> [Data block]
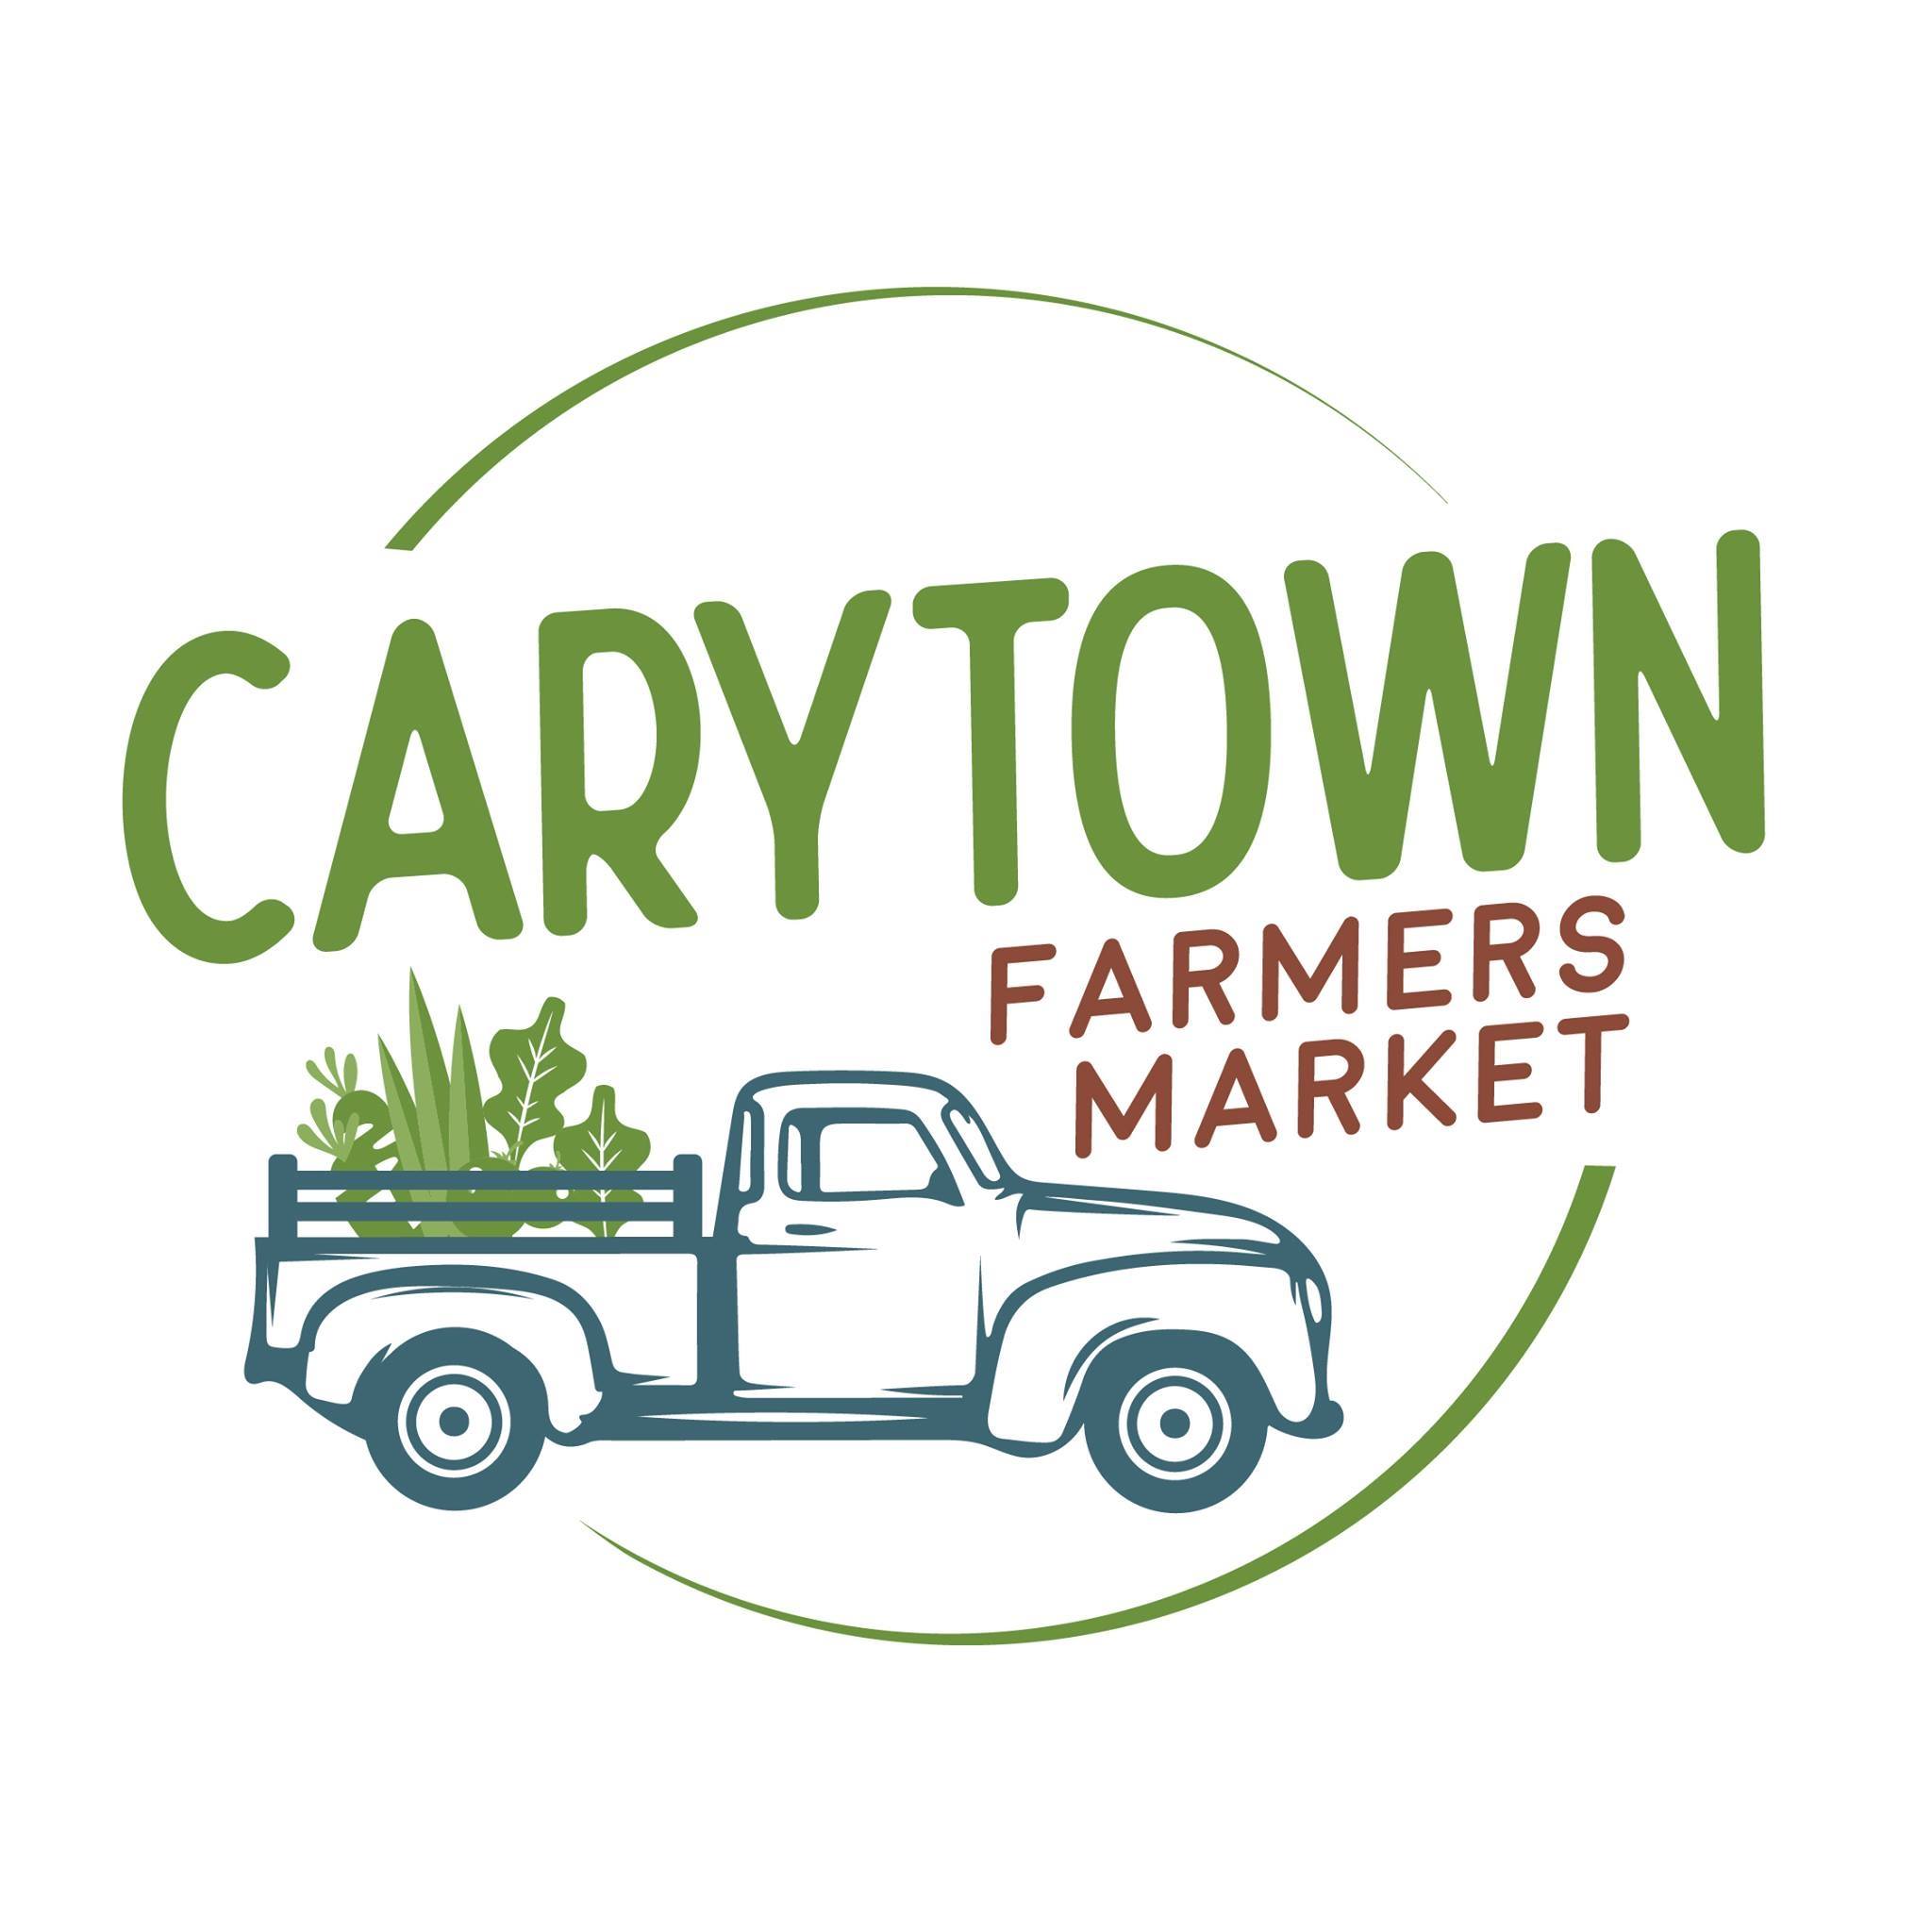 Carytown Farmers Market logo
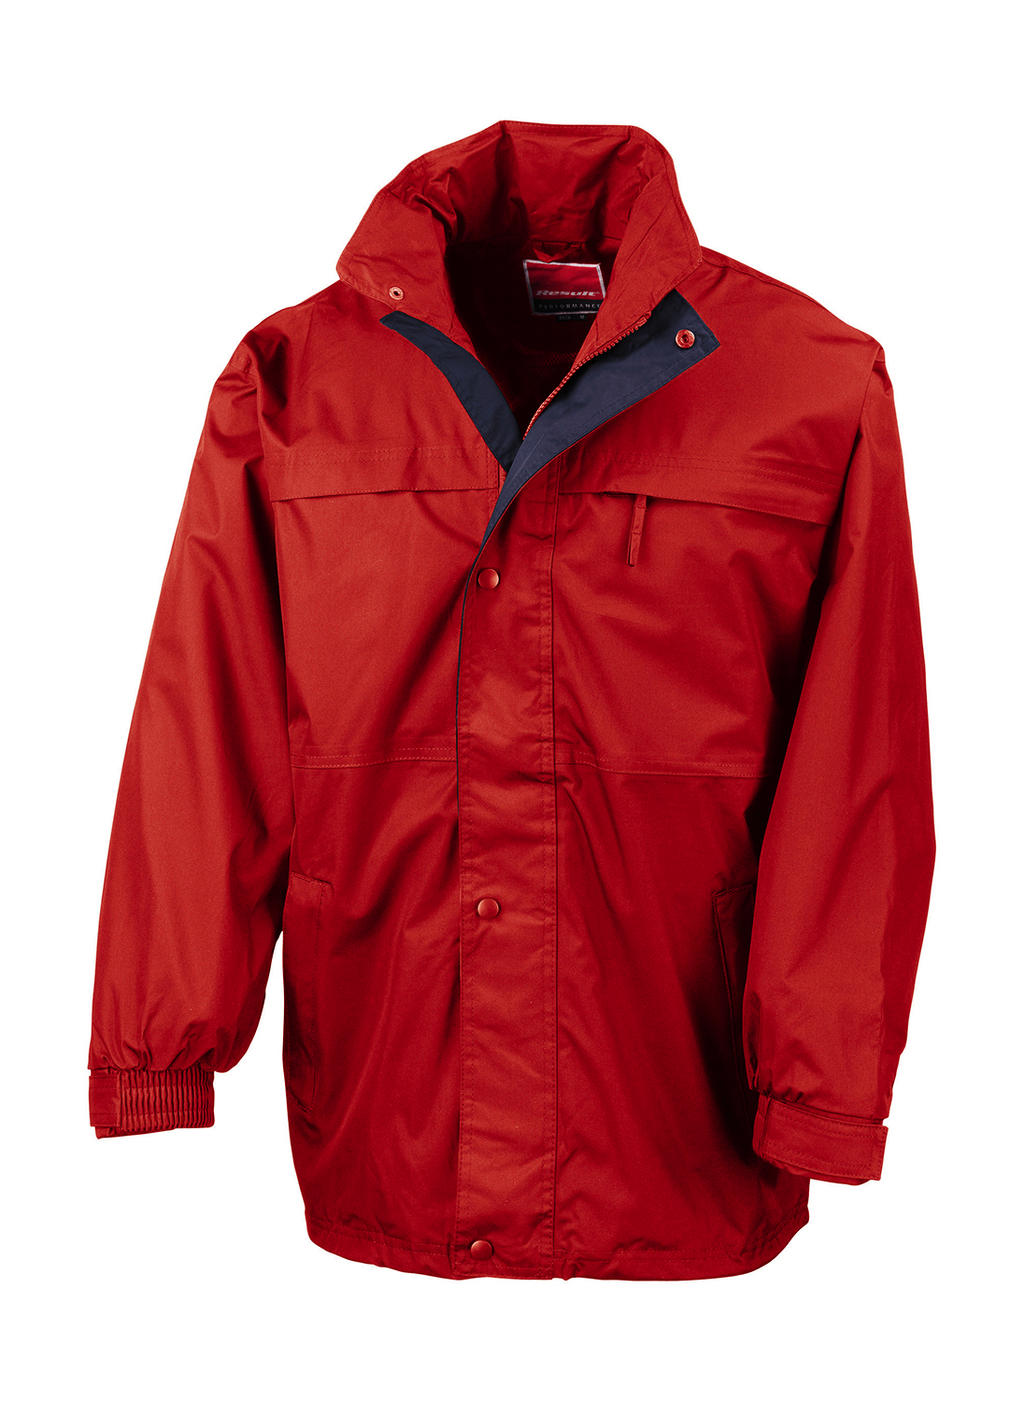  Mid-Season Jacket in Farbe Red/Navy
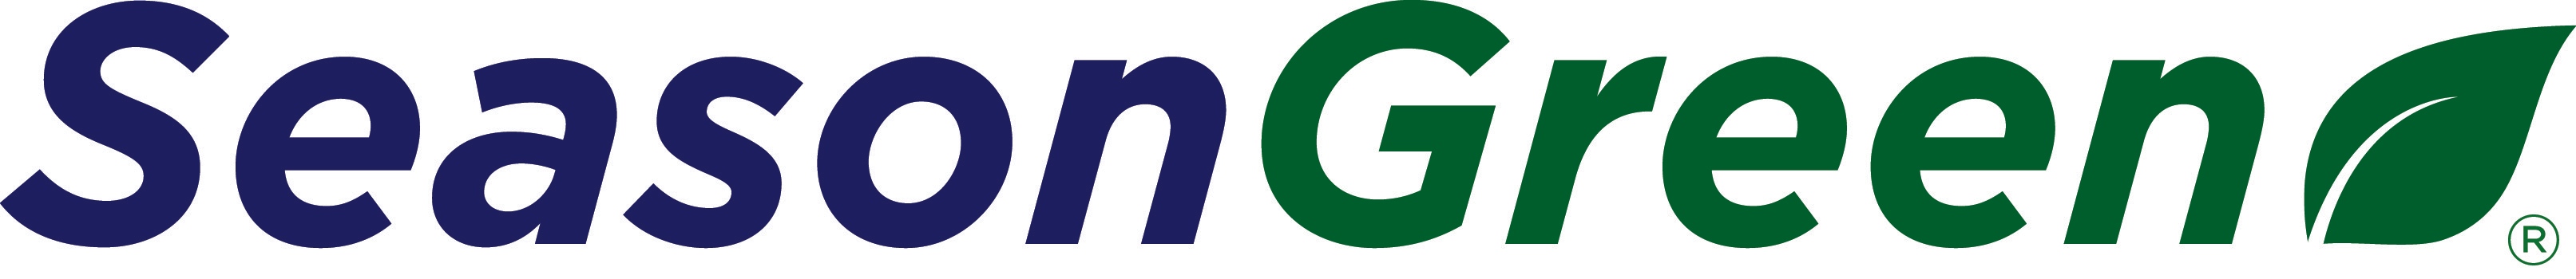 seasongreen professional lawn care services logo

> [Task prompt] Give the data again exactly as it appears, but without any images.

> [Task response]
 Carytown Farmers Market logo
  Mid-Season Jacket in Farbe Red/Navy
 seasongreen professional lawn care services logo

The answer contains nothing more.